Это не было неожиданностью. Главный хирург фронта Г. М. Гуревич еще раньше предупредил: полковые медицинские пункты нельзя превращать в перевязочные. Врачи ПМП должны уметь выводить раненых из состояния шока, останавливать кровотечения, переливать кровь и кровезаменители, грамотно наложить шину на поврежденную конечность и, наконец, должны уметь сделать вагосимпатическую блокаду по Вишневскому при ранениях груди и накладывать герметические повязки на «сосущие» раны грудной полости.
Кое-что из этого, вплоть до временного закрытия отверстия в грудной клетке, в полковых медпунктах делалось, но вот вагосимпатическую блокаду почти не применяли, то ли потому, что не знали или не умели, то ли в силу каких-то других причин.
Некоторые врачи пытались доказать, что вряд ли следует рекомендовать на полковых медицинских пунктах применять вагосимпатическую блокаду ввиду сложности метода, отсутствия времени и опасности внесения инфекции на месте укола и т. д. Однако вскоре эти же врачи, как только овладели методом блокады, стали ее активными поборниками при ранениях груди.
На совещании договорились об обязательном объеме хирургической помощи в полковых медицинских пунктах, включая такую жизнеспасительную операцию, как вагосимпатическая блокада. Возник вопрос: какую блокаду следует делать — по Вишневскому или по Бурденко?
Все, конечно, знали, что Николай Нилович — Главный хирург Советской Армии и что я его ученик. Поэтому, видимо, думали, что я непременно буду советовать производить блокаду по методу Бурденко.

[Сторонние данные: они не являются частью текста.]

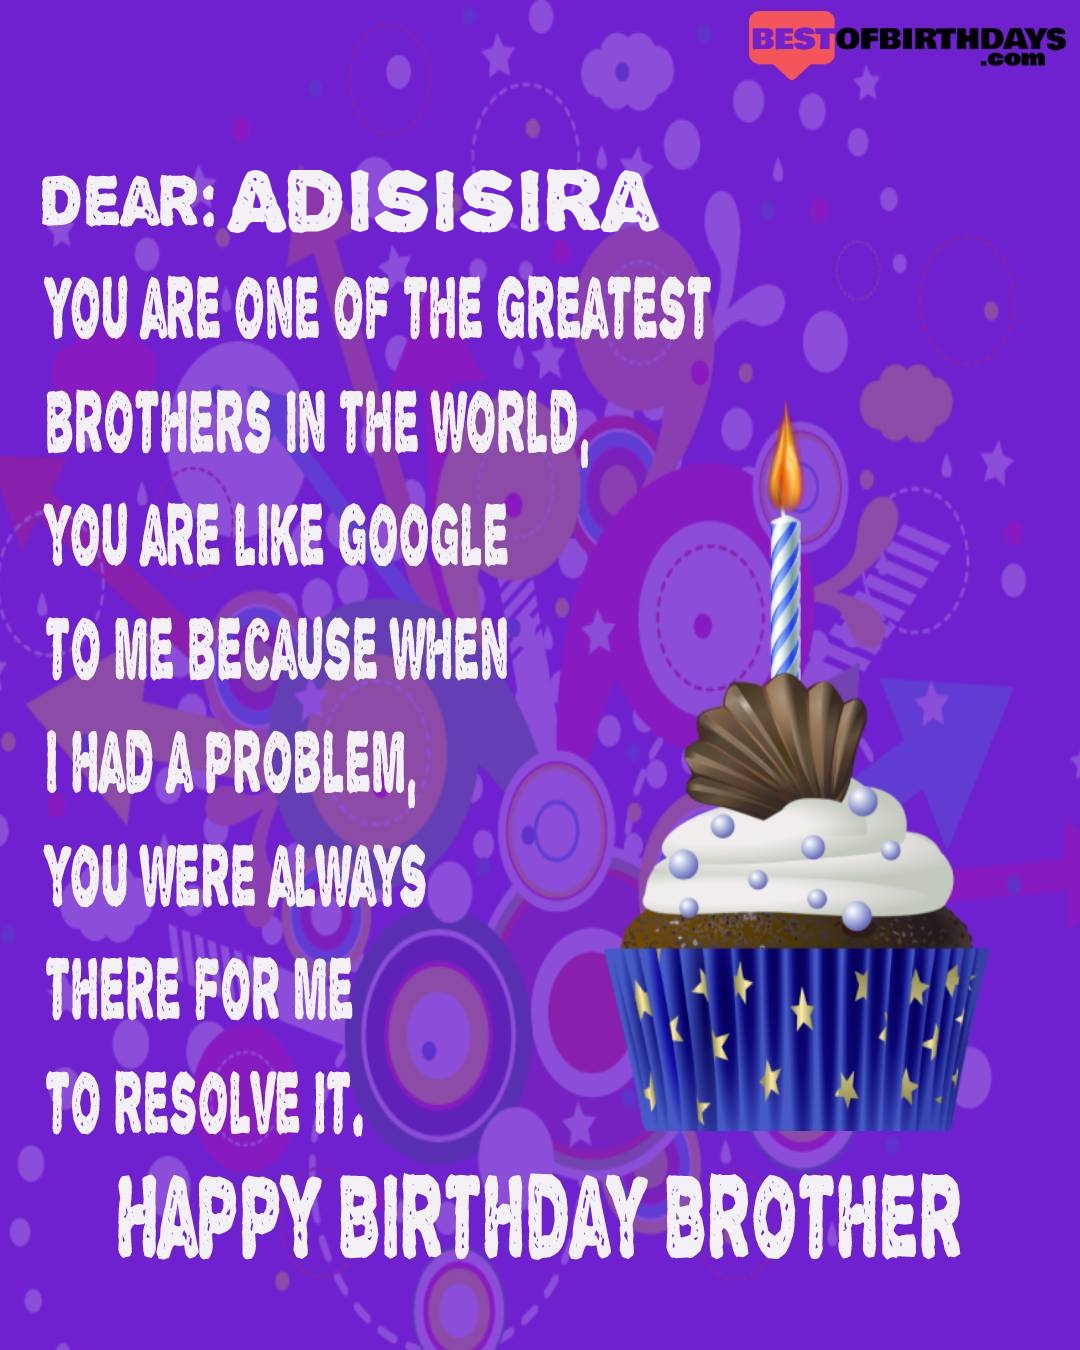 Happy birthday adisisira bhai brother bro

Однако этот метод для полковых медицинских пунктов был мало подходящим: он требовал специальной хирургической подготовки врача и умения в стерильных условиях обнажить сосудисто-нервный пучок на шее. Метод Вишневского является «закрытым» и технически выполняется проще, без риска повредить сосуды и нервы. Такую блокаду может выполнить любой врач. Вот почему, не умаляя значения метода Бурденко, я отдавал предпочтение блокаде по Вишневскому.
Позднее, когда представилась возможность побывать в Москве и докладывать о своей работе Николаю Ниловичу, я сказал, что, по моему мнению, его метод в условиях полковых медицинских пунктов трудно выполним. Бурденко нисколько не обиделся и даже заметил, что надо действовать сообразно обстановке, а не придерживаться правил, как слепец стены.

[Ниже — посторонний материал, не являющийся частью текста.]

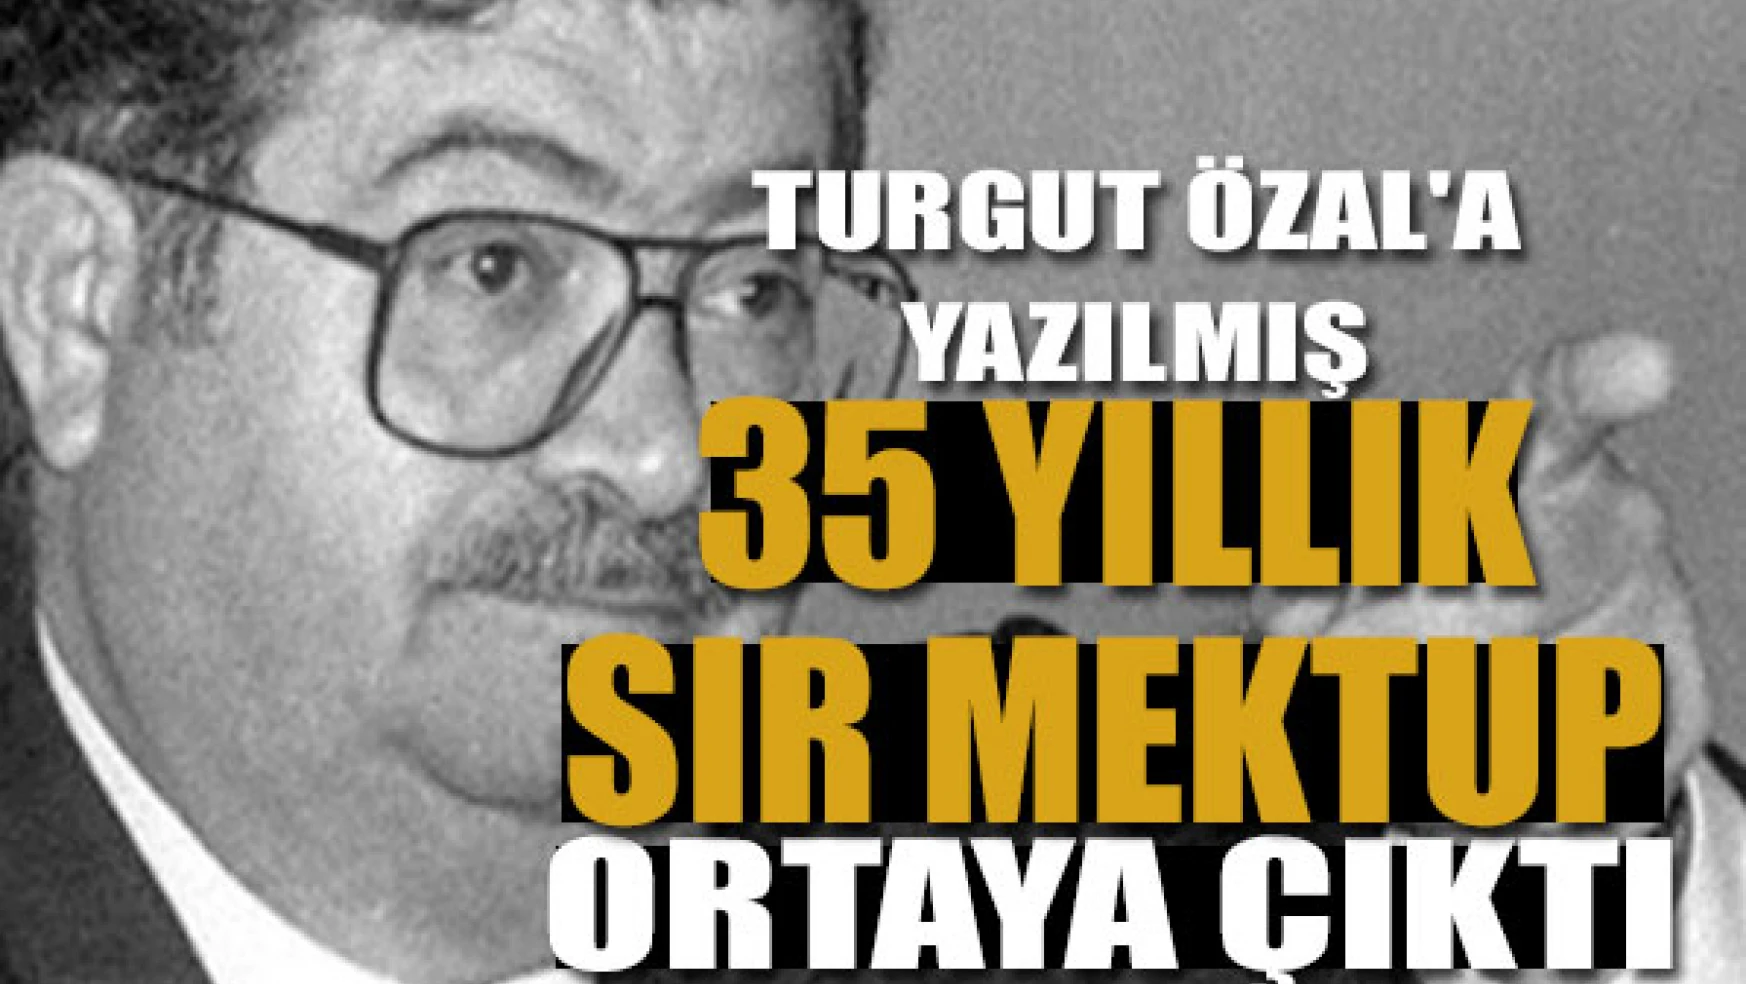 Turgut Özal'a yazılmış 35 yıllık sır mektup ortaya çıktı

Договорились на совещании и о том, чтобы во всех случаях ранений конечности, после перевязки, обязательно накладывать шины и только в таком виде раненых направлять в медико-санитарный батальон или госпиталь, так как от правильно наложенной шины зависел успех последующего лечения.
После совещания решили побывать на двух-трех близлежащих полковых медицинских пунктах. Для этого надо было километров пять-шесть пройти по пересеченной местности и по открытому полю. Шли очень быстро небольшими группами по два-три человека, где во весь рост, где пригнувшись, а в особо опасных местах и ползком. Трудно было без привычки делать такие броски. Я и еще некоторые врачи оказались в хвосте и подошли к полковому медицинскому пункту последними. Тут нам и досталось по поводу необученности пехотному делу! Как мог отшучивался, но понял, что придется приобретать опыт не только в хирургии…
В дальнейшем часто приходилось бывать в полковых и даже батальонных медицинских пунктах, расположенных в непосредственной близости от боевых порядков войск. Постепенно научился делать перебежки, ползать по-пластунски, пользоваться личным оружием и даже метать гранаты. Этому нас обучили друзья — врачи передовых медицинских пунктов. В силу превратностей фронтовой обстановки им нередко приходилось держать в руках не только скальпель, но и автомат.
Было много случаев, когда фронтовых врачей и сестер награждали за то, что они не только спасали раненых, но и с оружием в руках защищали их.
Василий Прокофьевич Артамошин, командир хирургического взвода медсанбата 48-й стрелковой дивизии, и его товарищи были награждены орденами за то, что, взятые врагом в полукольцо, храбро вступили в бой. Взяв на себя командование, В. П. Артамошин хорошо организовал оборону, отбил все атаки фашистов и заставил их отступить.
После этого случая генерал-майор Г. Н. Корчиков — командир 48-й дивизии — проникся глубоким уважением к медикам и стал частым гостем в медсанбате. Ведущего хирурга, вопреки военным правилам, он называл не по званию, а по имени и отчеству. А когда грузовик, на котором ехал Артамошин, подорвался на противотанковой мине и Василию Прокофьевичу повредило ногу, Корчиков просил меня оставить его на попечение хирургов медсанбата. Генерал говорил:
— Он нам нужен до крайности. Хороший человек, отменный хирург. Да и как командиру ему цены нет, побольше бы таких!
Почти все лето 1943 года 44-я армия стояла в обороне, лишь на отдельных участках шли бои местного значения.